Em petição protocolada no STF, a defesa sustenta que o STJ teria ampliado os efeitos da sentença italiana ao enquadrar o crime na Lei dos Crimes Hediondos, legislação brasileira que impõe regras mais rígidas para a execução da pena.

A classificação como crime hediondo traz consequências importantes para o condenado. Entre elas estão a restrição ao acesso a benefícios previstos na execução penal e a exigência de cumprimento de percentual maior da pena para progressão de regime.

Segundo os advogados, o objetivo do pedido não é reduzir a pena imposta pela Justiça italiana, mas garantir que a execução da condenação no Brasil siga exatamente os termos da sentença estrangeira.

“A tese defensiva não busca privilégio, impunidade ou tratamento benéfico indevido, mas apenas fidelidade ao título estrangeiro, para que o paciente cumpra no Brasil exatamente a pena imposta pela justiça italiana, nem mais, nem menos”, afirmaram os defensores.

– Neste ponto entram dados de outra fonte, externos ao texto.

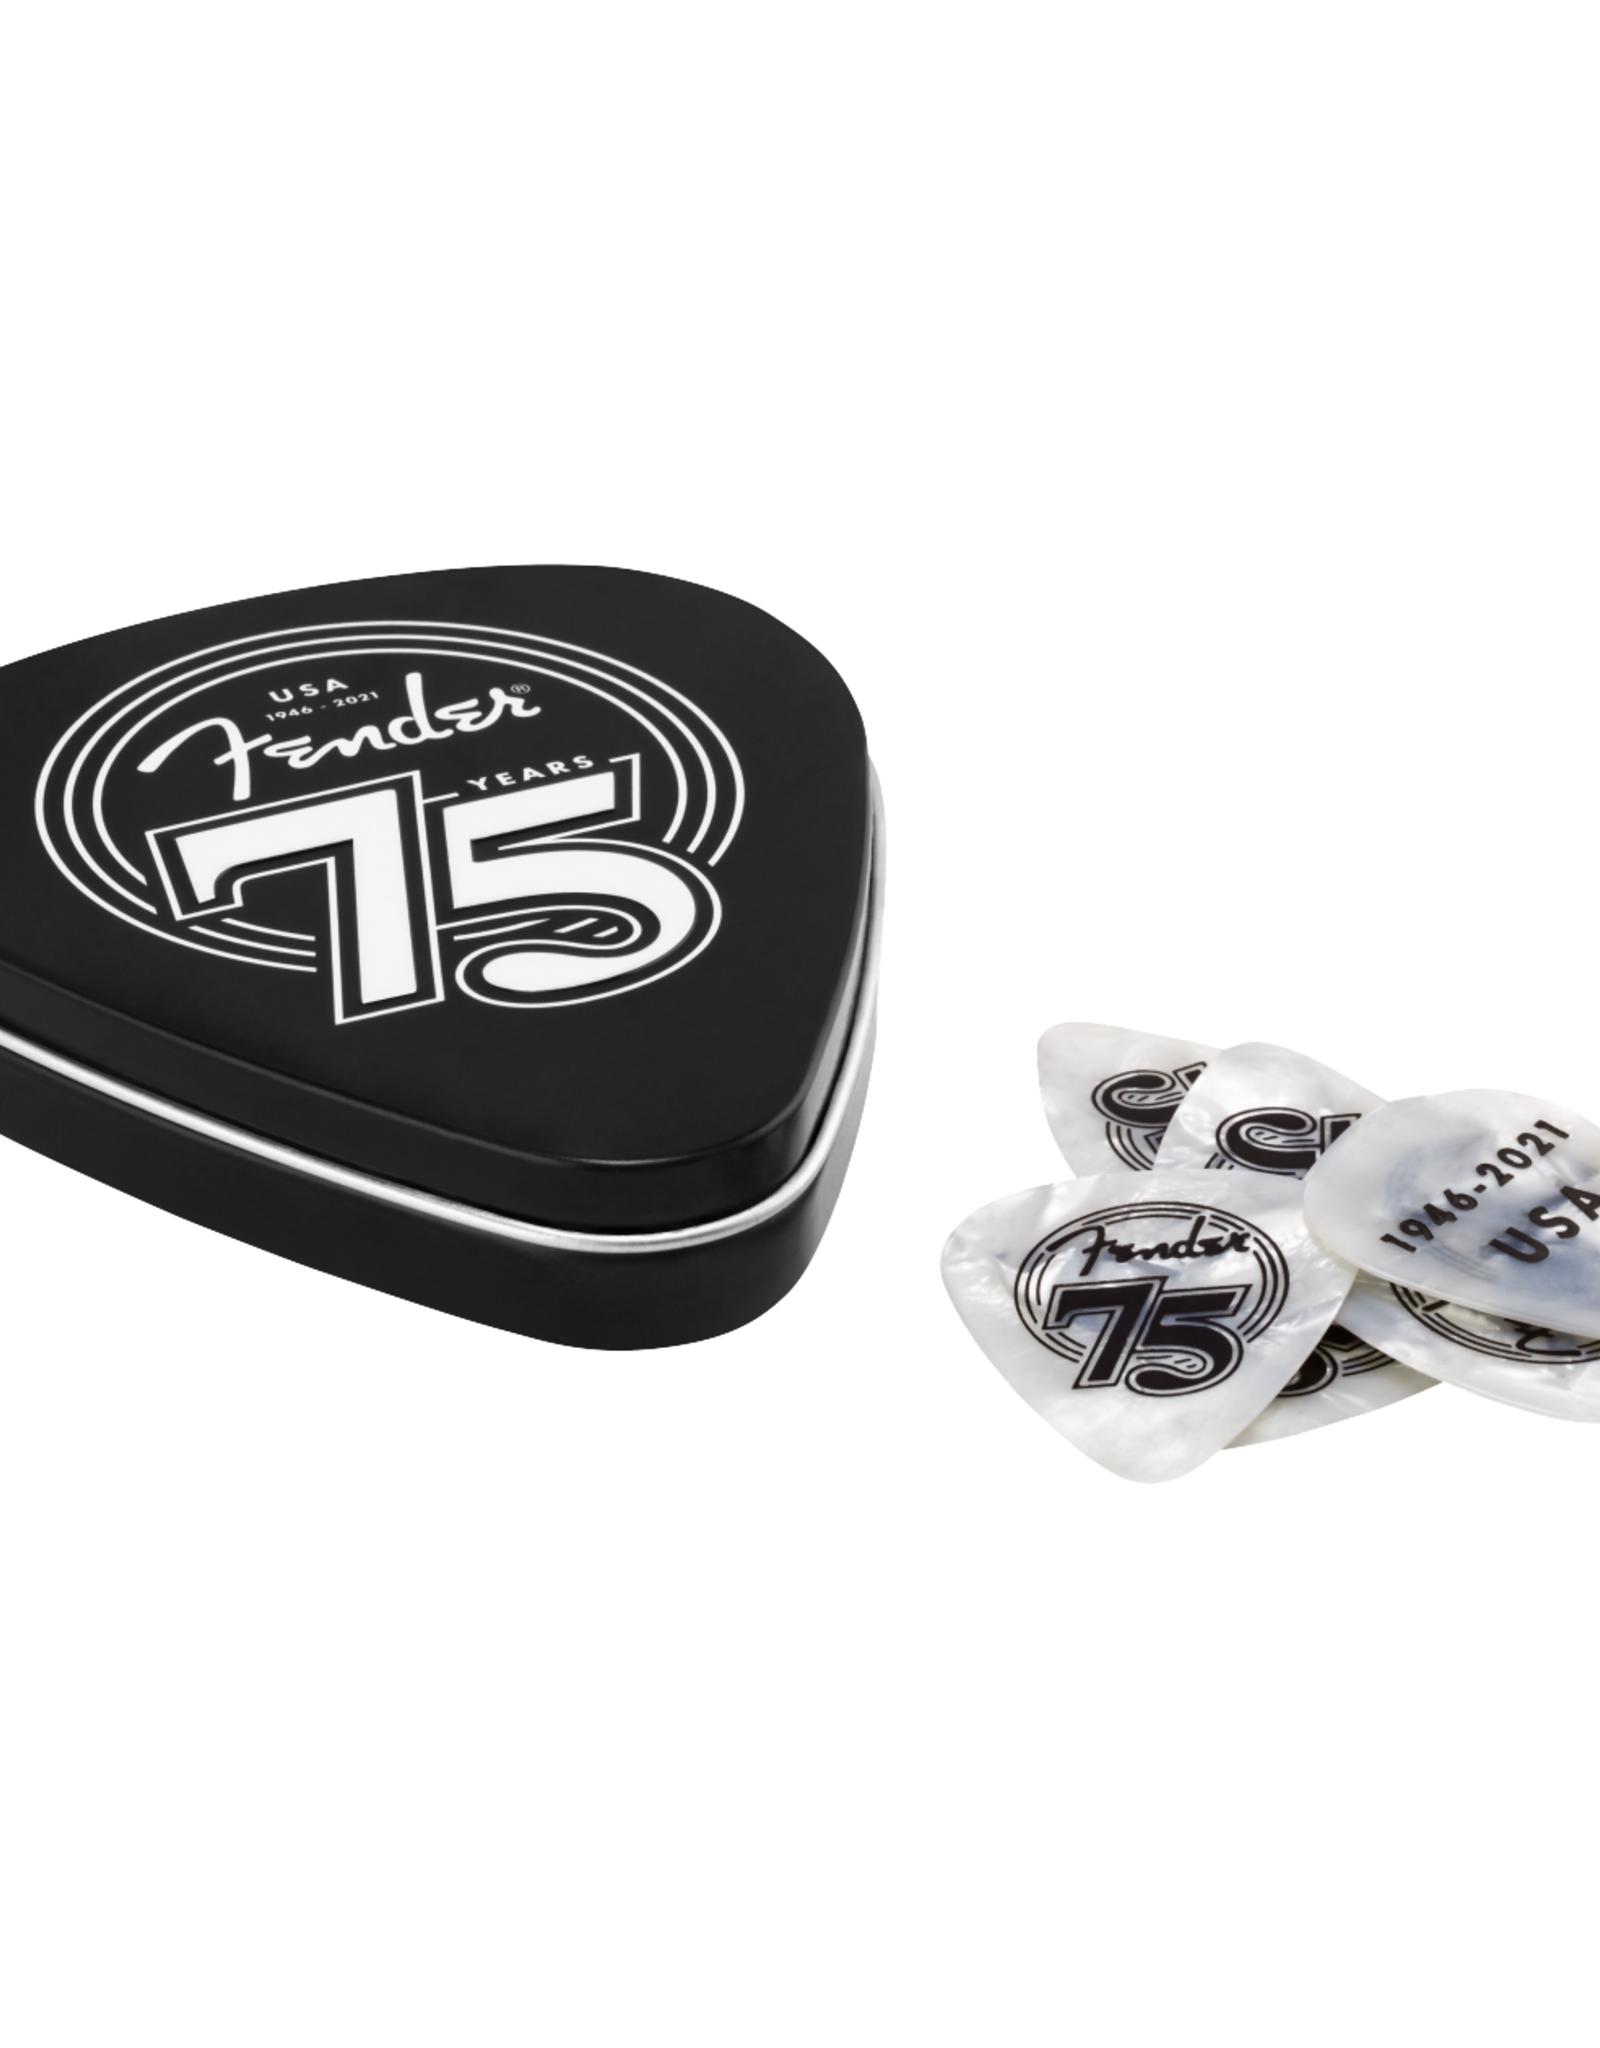 Fender Fender 75th Anniversary Pick Tin, 18 Count

O habeas corpus foi apresentado ao Supremo em novembro do ano passado e está sob relatoria do ministro Luiz Fux. Até o momento, não há prazo para análise do pedido.

A decisão poderá definir se a condenação continuará sendo executada sob as regras da Lei dos Crimes Hediondos ou se passará a seguir critérios diferentes na execução penal.